EXERCISE:
Only the lines running from the line with "Frau, die auf" to the end of the listing below should be copied, exactly, without pictures.

SUPPLIED MATERIAL:
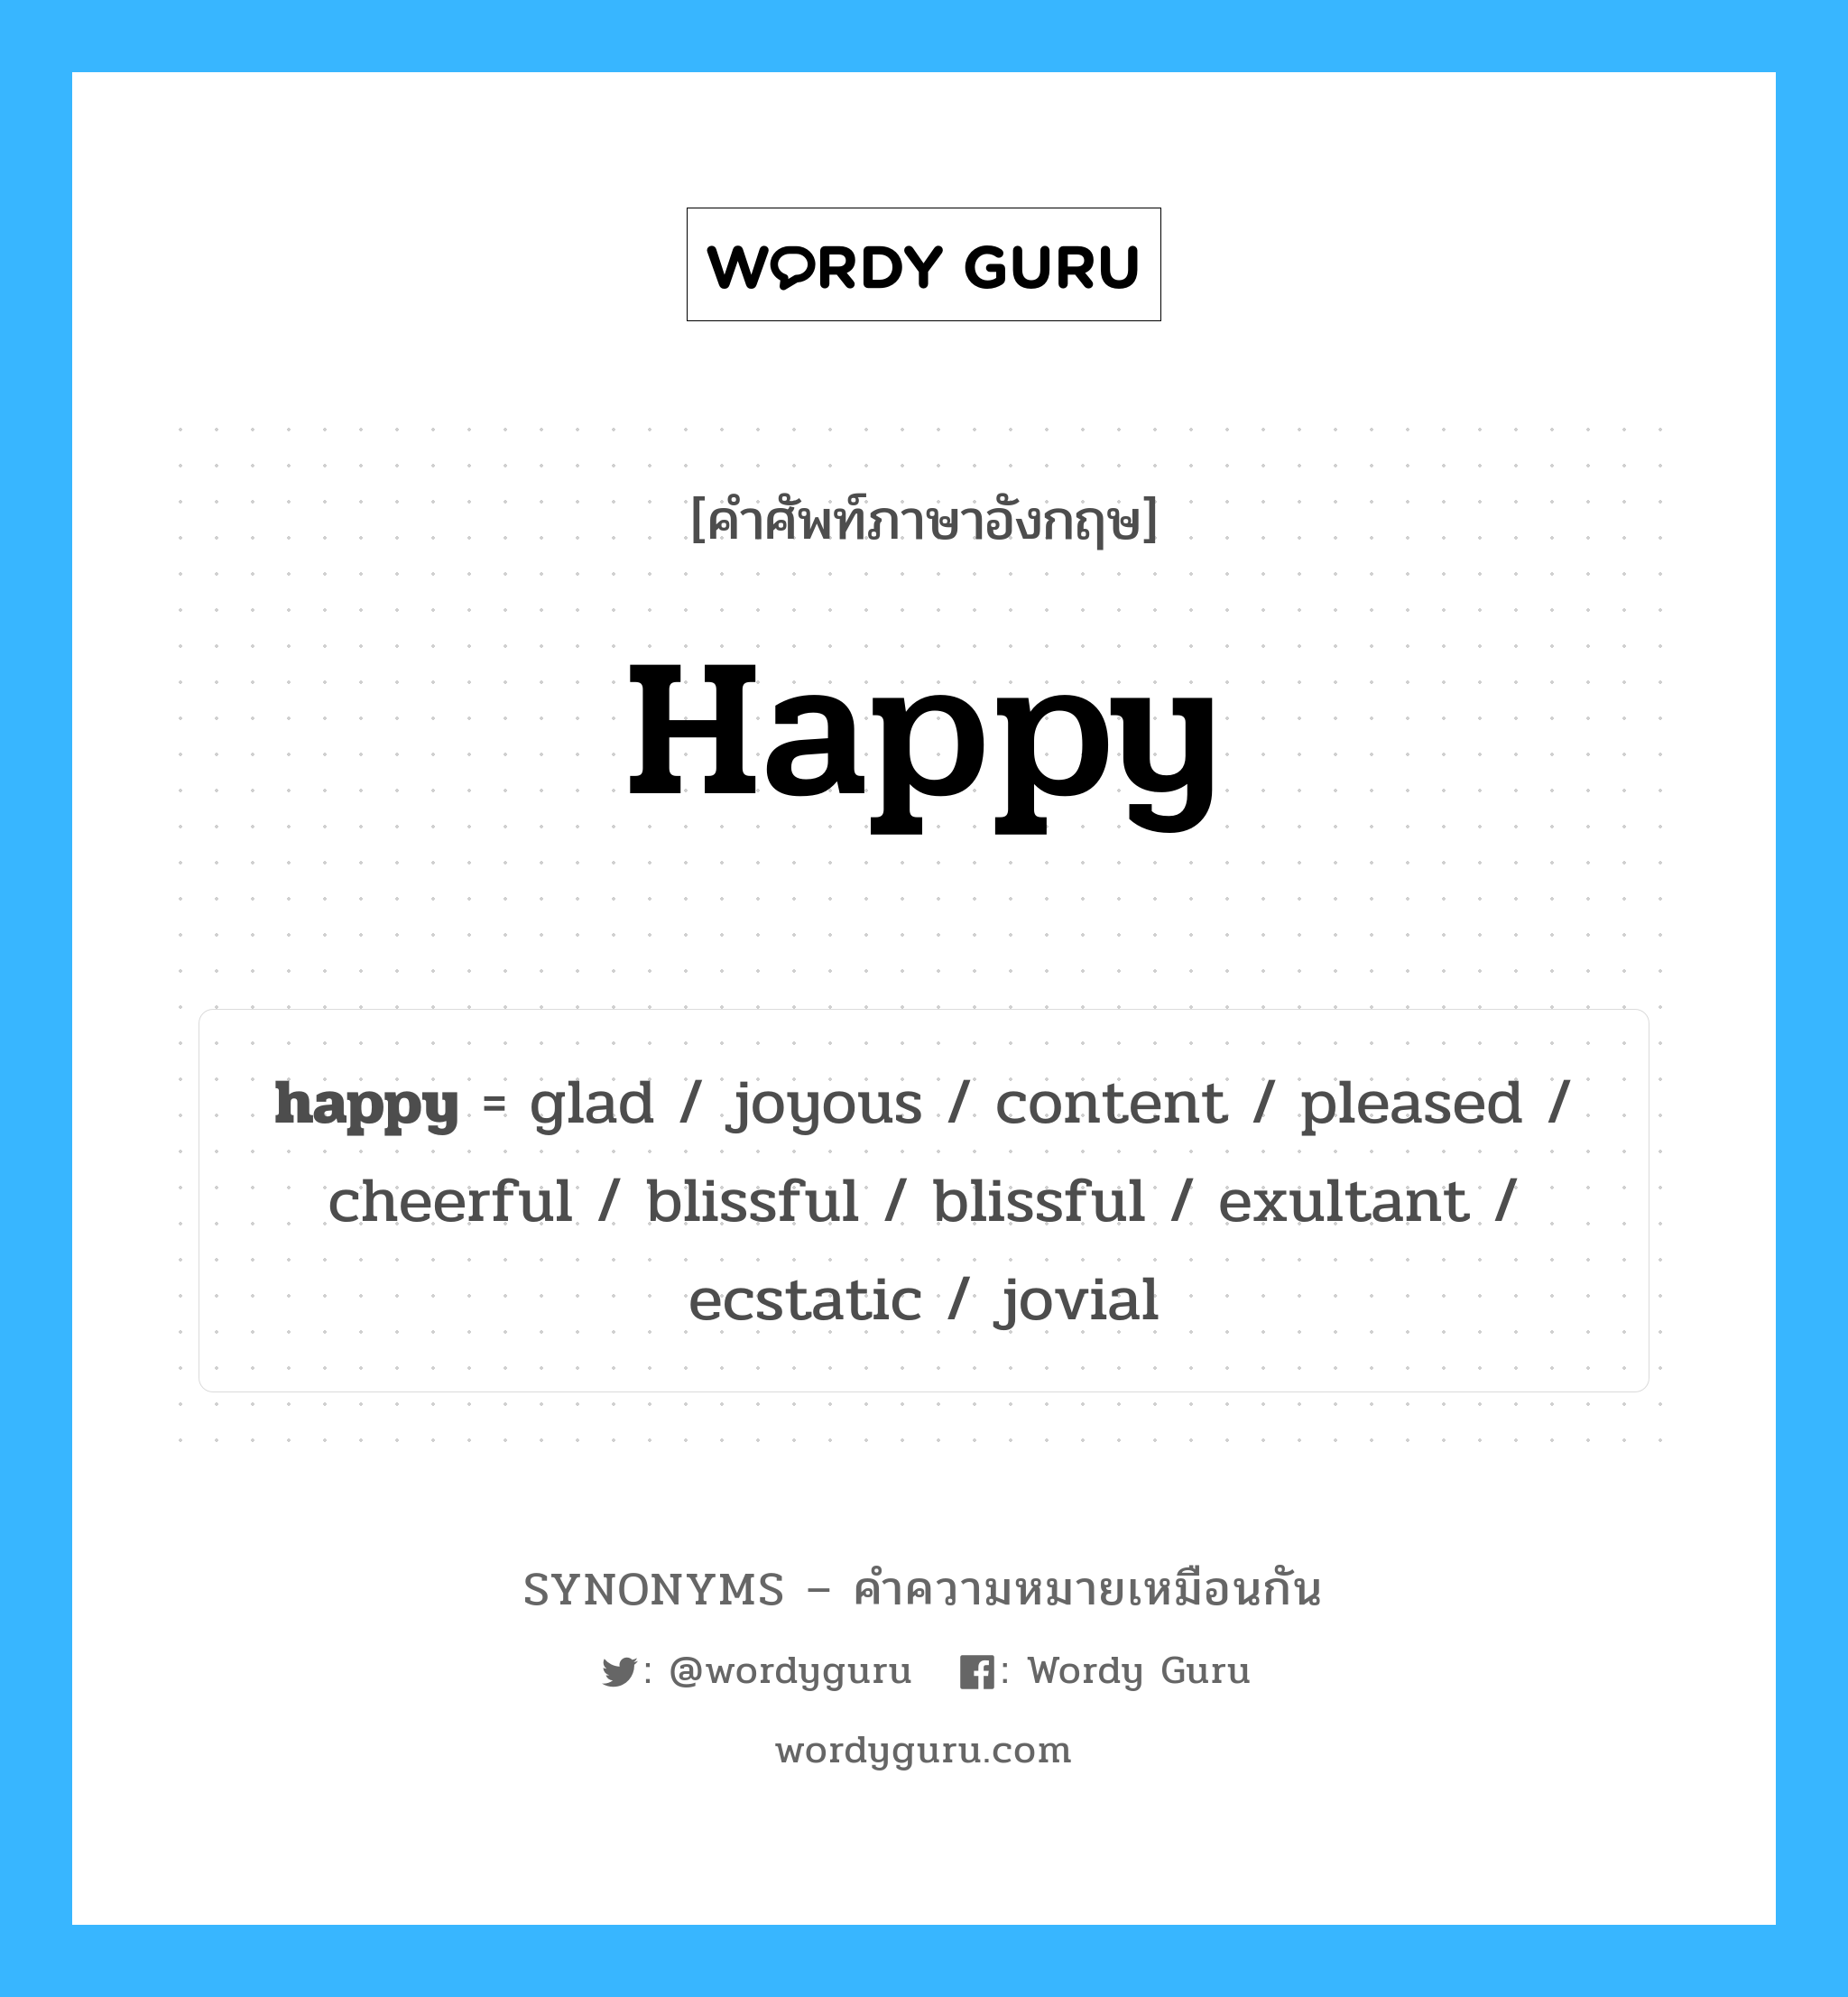 happy เป็นหนึ่งใน blissful และมีคำอื่น ๆ อีกดังนี้, คำศัพท์ภาษาอังกฤษ happy ความหมายคล้ายกันกับ blissful แปลว่า ความสุข หมวด blissful
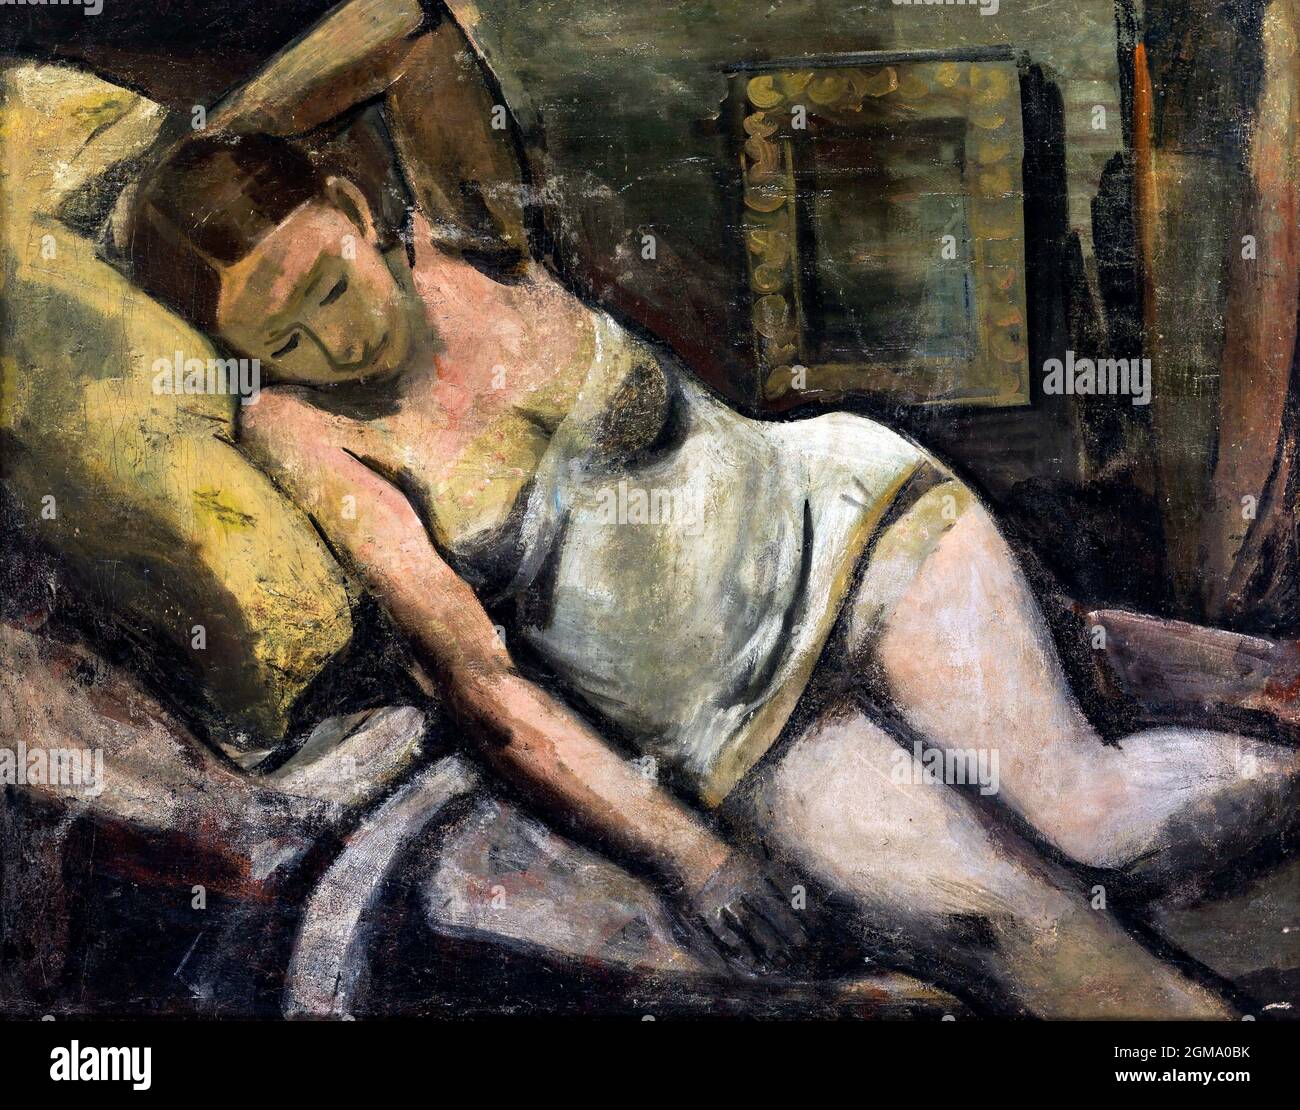 Frau, die auf einem gelben Kissen schläft (Donna che dorme su un cuscino giallo) des österreichischen Künstlers Louis Christian Hess (1845-1944), Öl auf Leinwand, 1928 Stockfoto
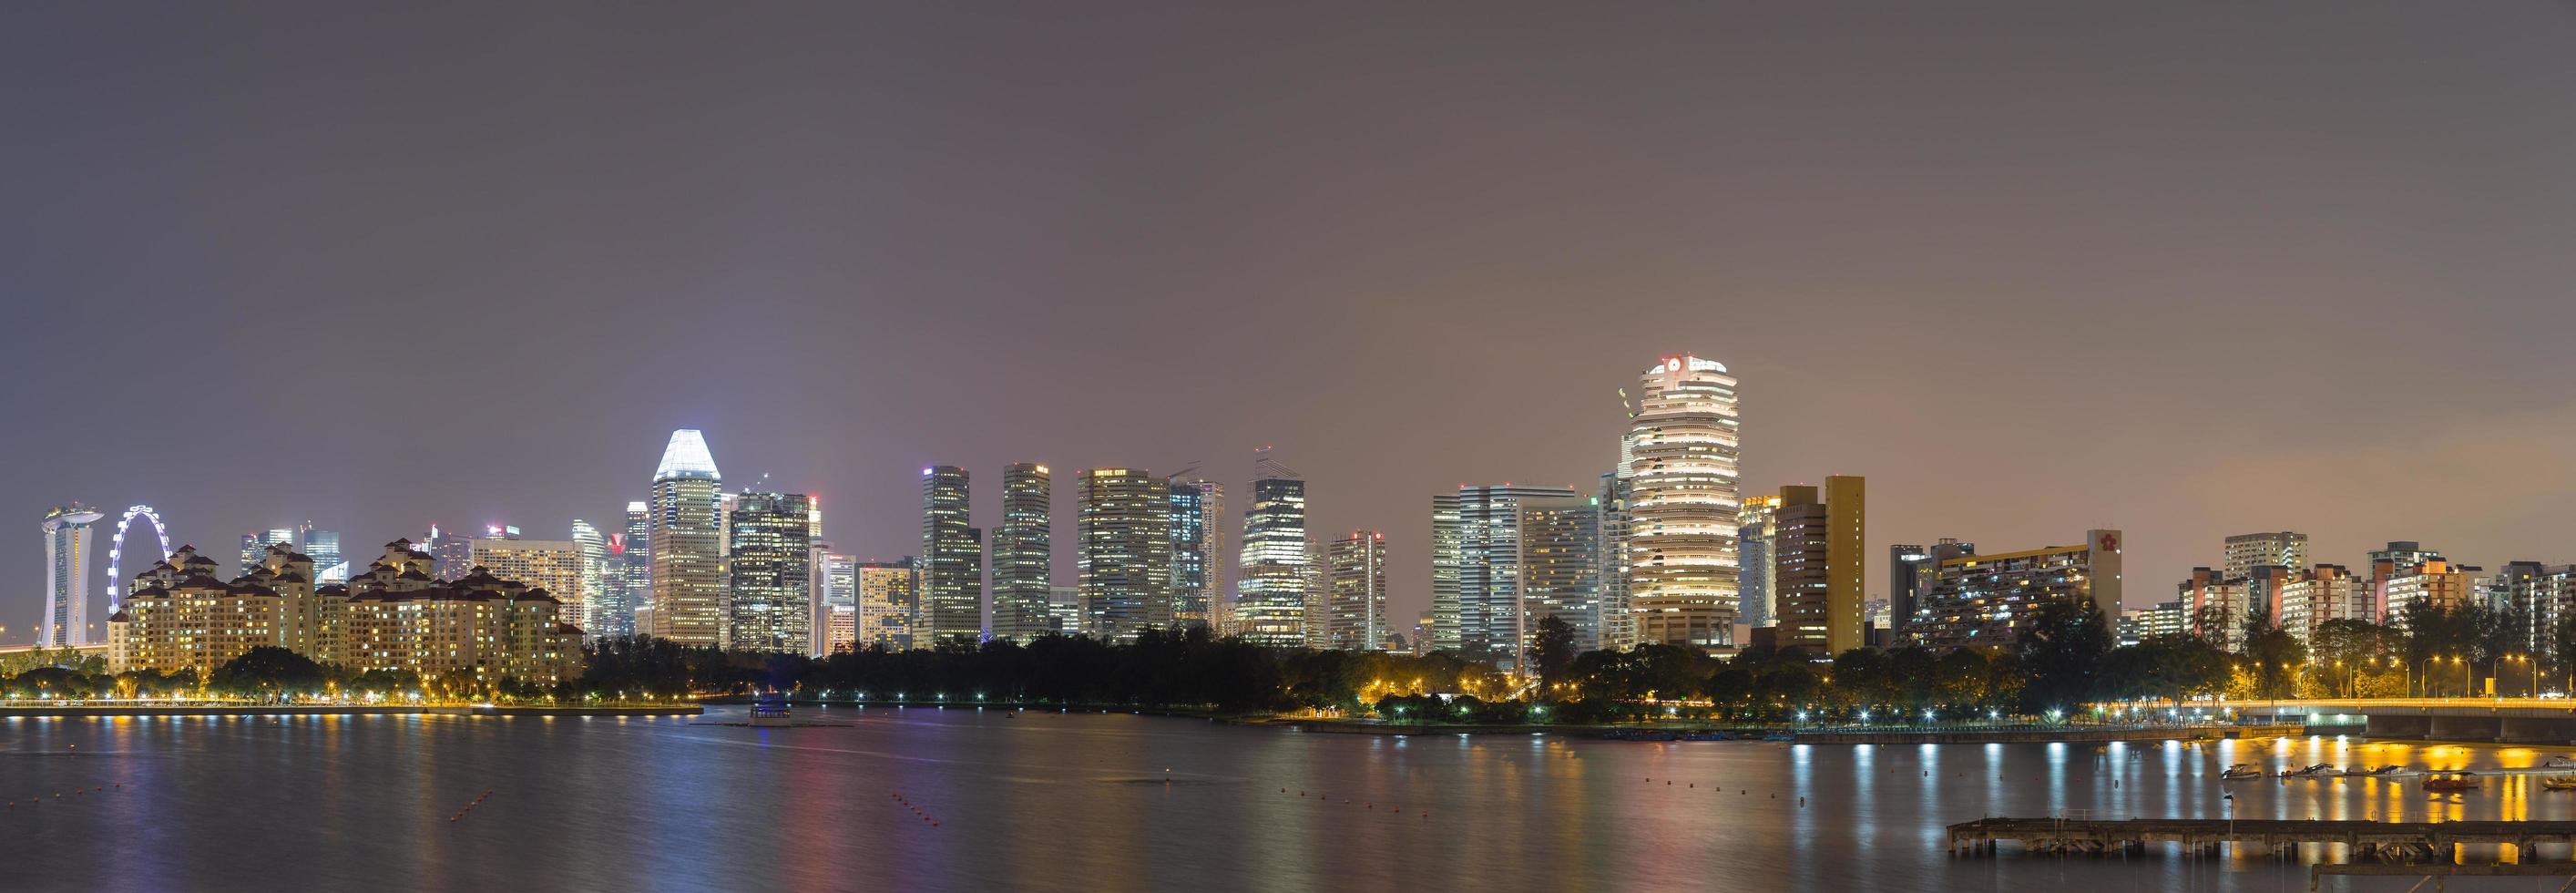 horizonte de cingapura foto

SOLUTION BELOW:
 Frau, die auf einem gelben Kissen schläft (Donna che dorme su un cuscino giallo) des österreichischen Künstlers Louis Christian Hess (1845-1944), Öl auf Leinwand, 1928 Stockfoto
 horizonte de cingapura foto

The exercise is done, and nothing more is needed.